### Work task:
Exactly as they appear below, repeat the lines from the one with "York united states" through the one with "Baby Trend Ally". Drop every picture.

### Exercise data:
───
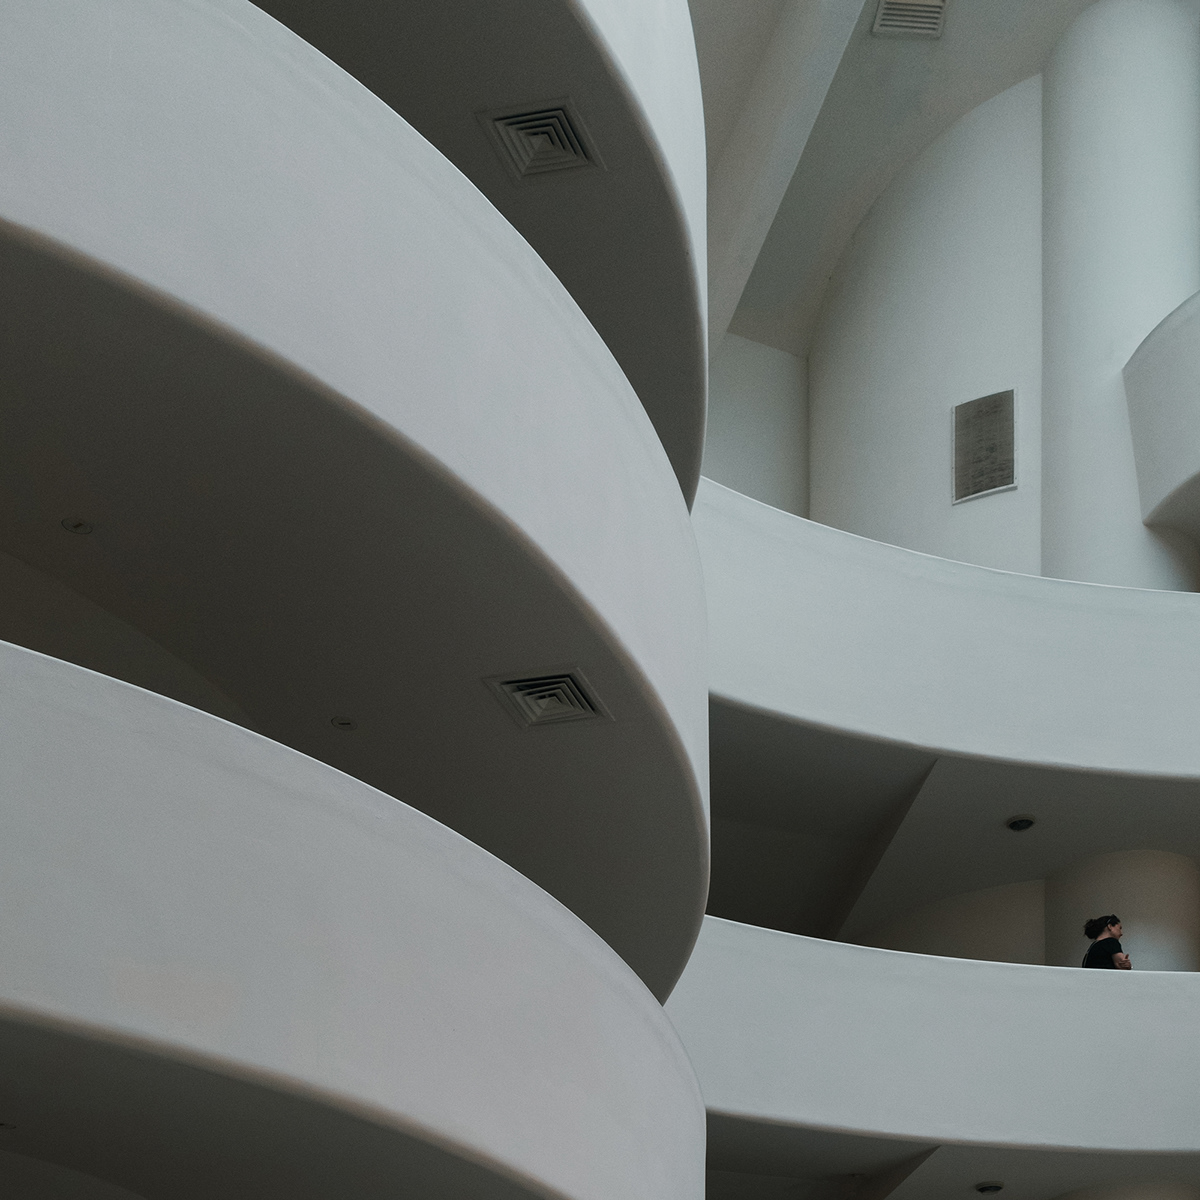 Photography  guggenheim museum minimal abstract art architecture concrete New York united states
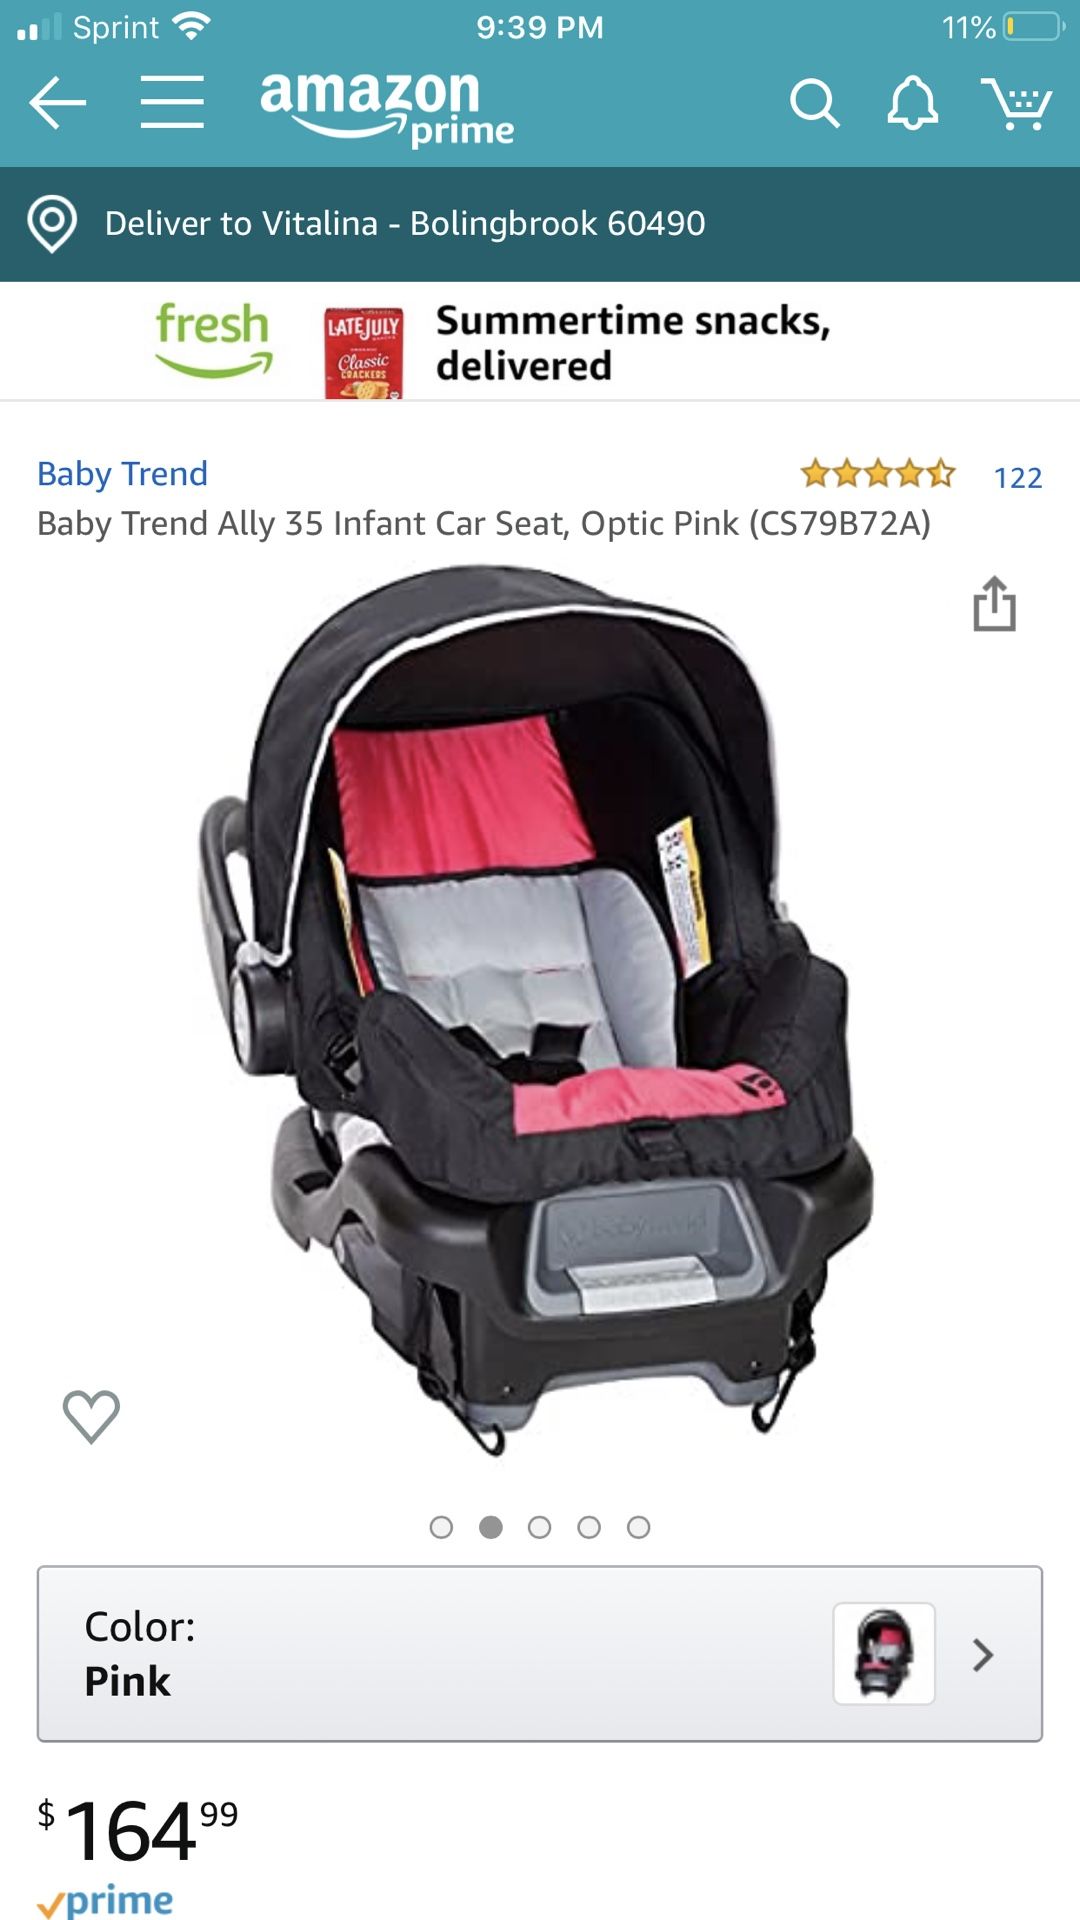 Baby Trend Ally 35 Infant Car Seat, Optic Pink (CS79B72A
───
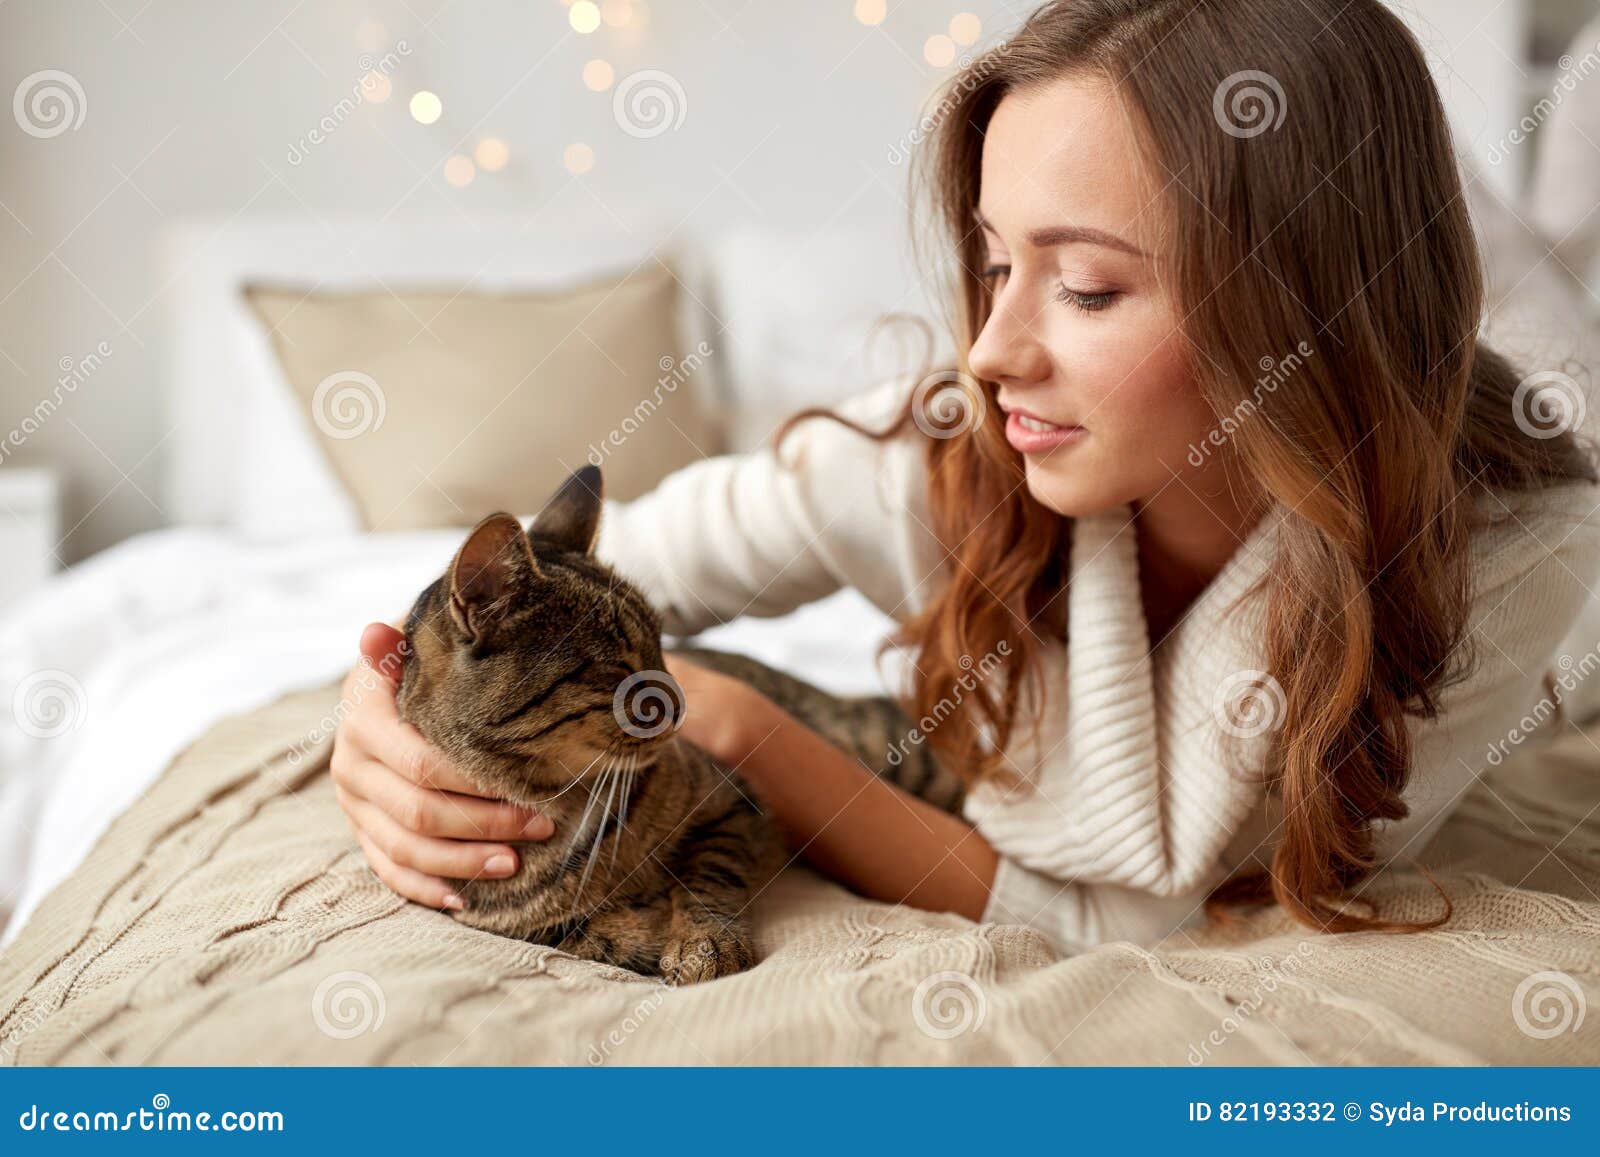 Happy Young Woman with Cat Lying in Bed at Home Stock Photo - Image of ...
───
### Worked solution:
 Photography  guggenheim museum minimal abstract art architecture concrete New York united states
 Baby Trend Ally 35 Infant Car Seat, Optic Pink (CS79B72A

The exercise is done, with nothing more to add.